Fresh, New, Pink Dawn
Pink is the colour of dawn. The sun comes up and the sky streaks pink. Homer wrote in the Odyssey in 800BC, ‘The Child of morning, rosy-fingered dawn.” Lucretius also wrote about a pink dawn.
It seems a natural fit for the bedroom, then. Or the bathroom. The fresh start to a new day.
It’s a good colour for firsts, in your wardrobe. First date. First job interview (a touch of pink reminds your interviewer that you are the right female candidate for a job where they want a woman). The first inauguration of Dwight E. Eisenhower saw his wife Maimie in pink.
This was thought to be the key American turning point in the association of pink with ladies – and ladylike, ladies. It took off.
Shocking pink has its origins with, of course, Elsa Schiaparelli who invented it in 1931. It helped that she knew surrealist painters as friends.
Magenta was mixed with white and a look was born. She launched a perfume called Shocking, sold in a bottle in the shape of a woman’s torso, said to be modelled on Mae West.
At some point, pink also became the badge of gay men in the 20th century rights movement.

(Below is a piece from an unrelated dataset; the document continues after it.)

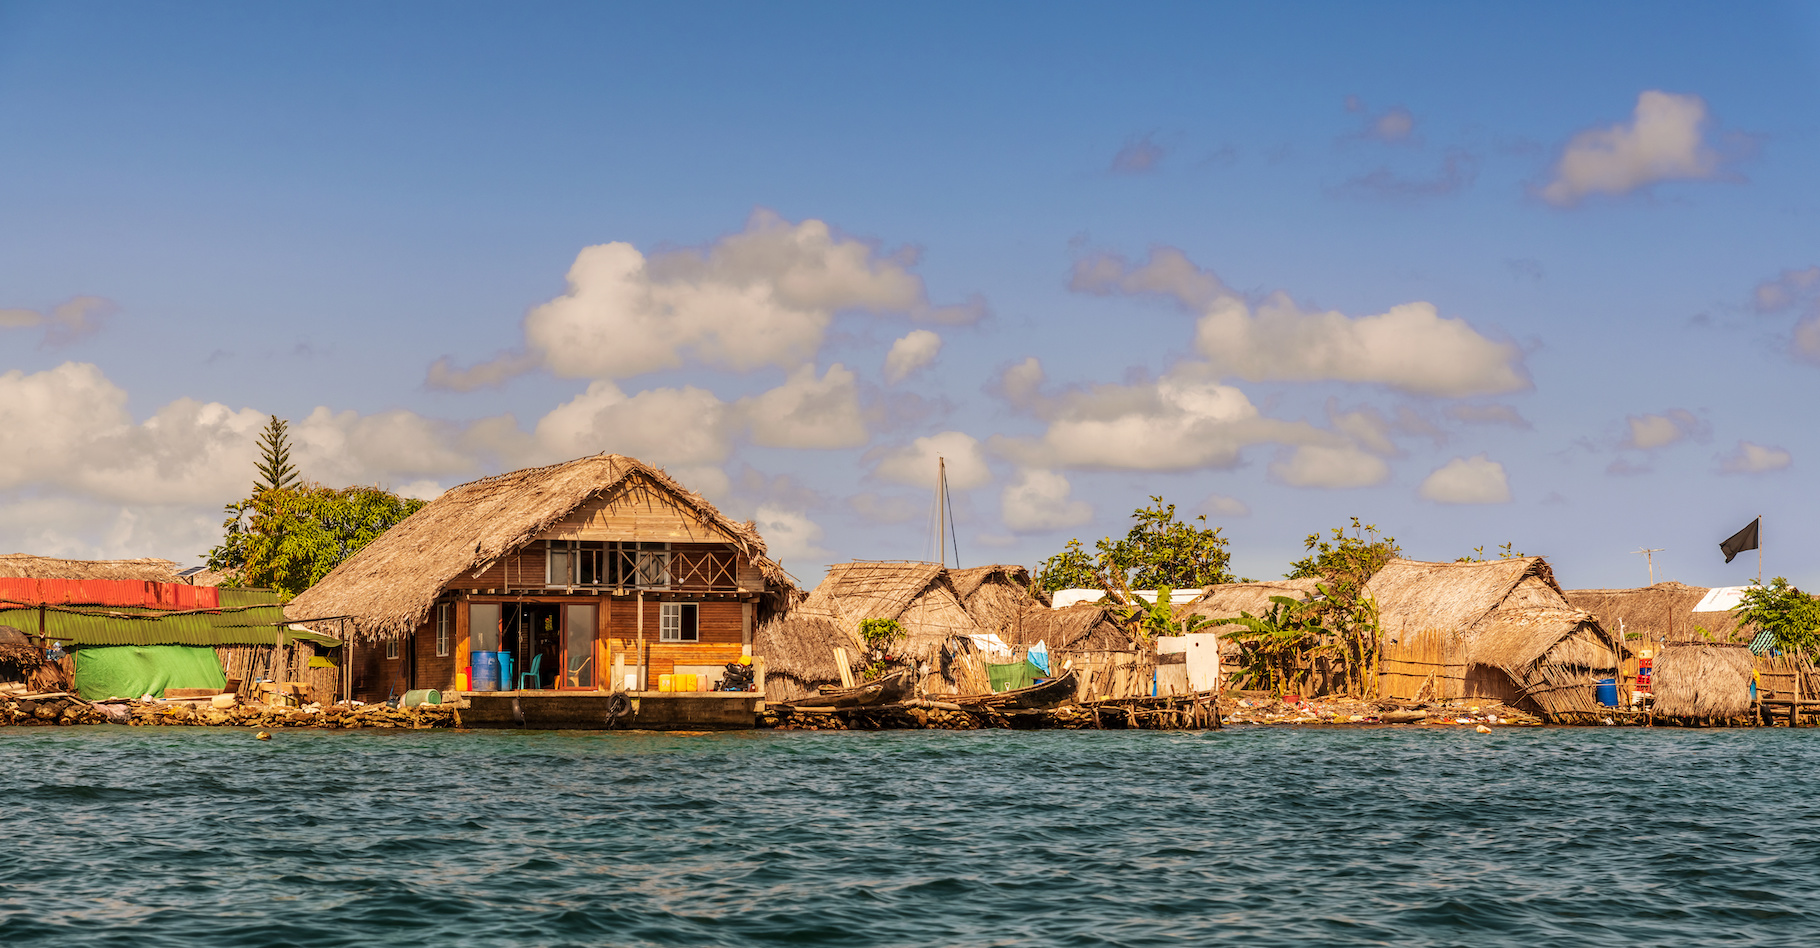 Le peuple Guna vit dans les Caraïbes, sur des îles menacées de submersion par la montée du niveau de la mer due au réchauffement climatique. Un plan pour les sauver est en cours. © Marek, Adobe Stock
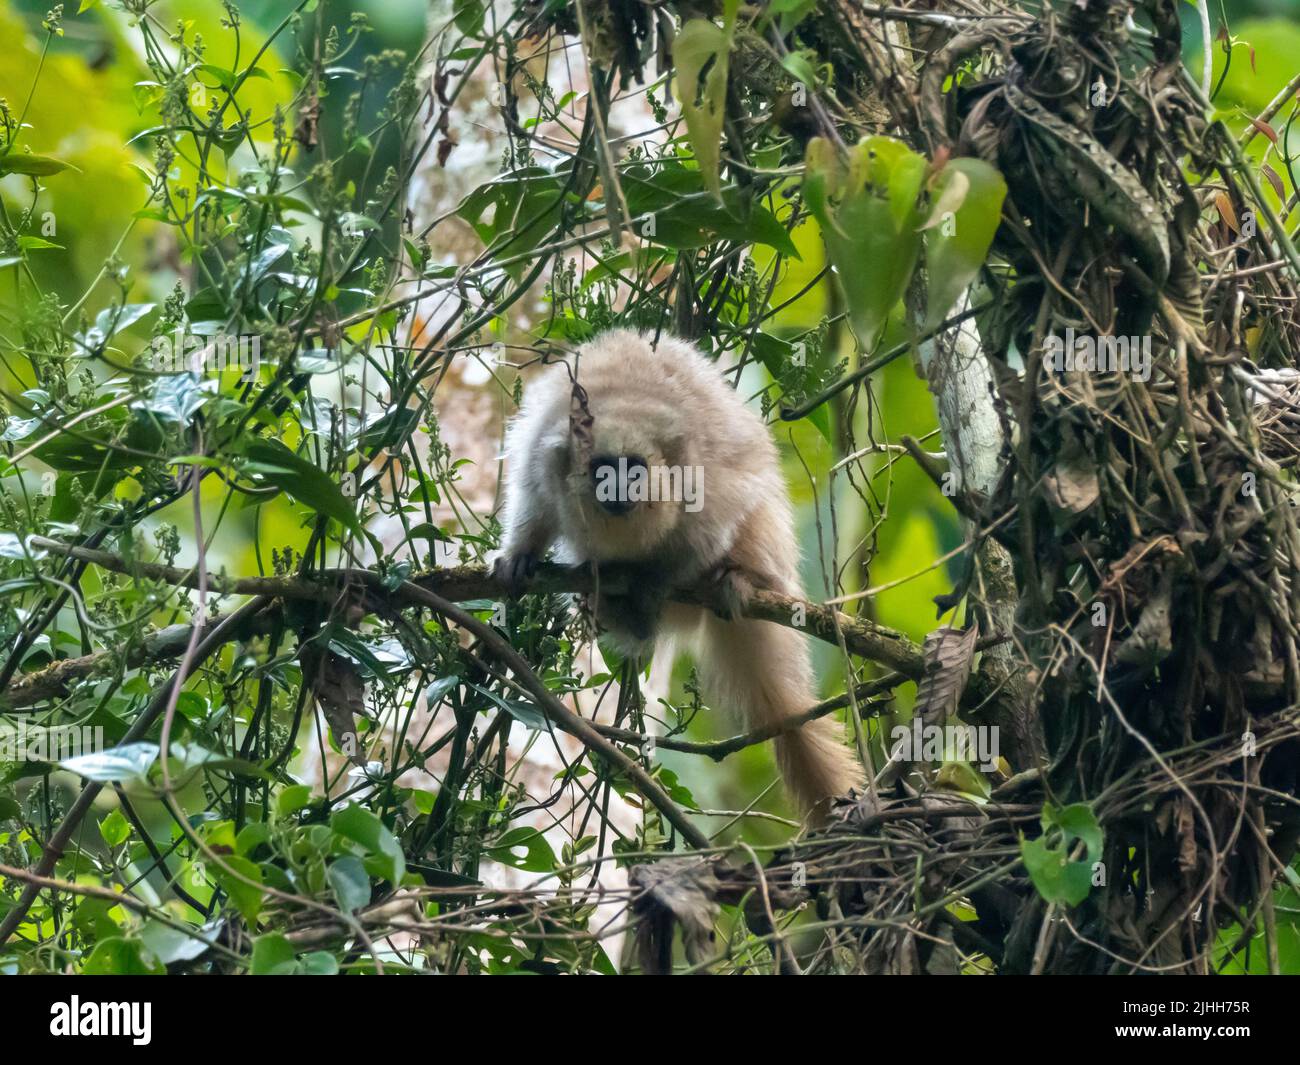 Rio Mayo Titi-Affe, Plecturocebus oenanthe, ein vom Aussterben bedrohter Primat, der endemisch im oberen Mayo-Fluss im Nordosten Perus ist Stockfoto

The Science on Sunrise Pink
So if you want to make a first impression in your wardrobe, or want a sunrise feeling for your bedroom when you open the curtains (or in the bathroom first thing when you start the day) it’s sunrise pink you want.
And it works at sunset too. So perhaps at home, where you begin and end your day, looking for a fresh feeling (morning) or a relaxing wind-down (evening) it makes sense to think pink.
Funnily enough insulation is also pink. Or it can be, with certain companies. We’re back to the cosy/comfort angle on pink again, suggested by a baby’s first contact with her or his mum’s breast. In fact, Owens Corning trademarked their pink insulation.
Barbiecore
The only issue with pink in the second half of the 2020s is the dated association with Barbiecore, which Vogue were writing about when the hit film emerged.
The generation who came of age in 2017 loved it. In fact there was a shade of pink just for them (Millennial Pink) that year.
Maybe a pink chopping board in your kitchen won’t date as much – but forget the full Barbie Caravan look for your bedroom.
The Pink Chakra
When I was researching the aura and chakra system in Lifesweeping it became clear that green is the heart chakra colour, not pink.
So why do so many new age shops sell pink quartz crystals to attract love?
Well, because it sells. But the experts on the human colour energy field say your heart is green, not pink.
If you’re decidedly non-pink in your approach to your clothes or your home, you may want to try with a bunch of pink flowers to see how you feel about it.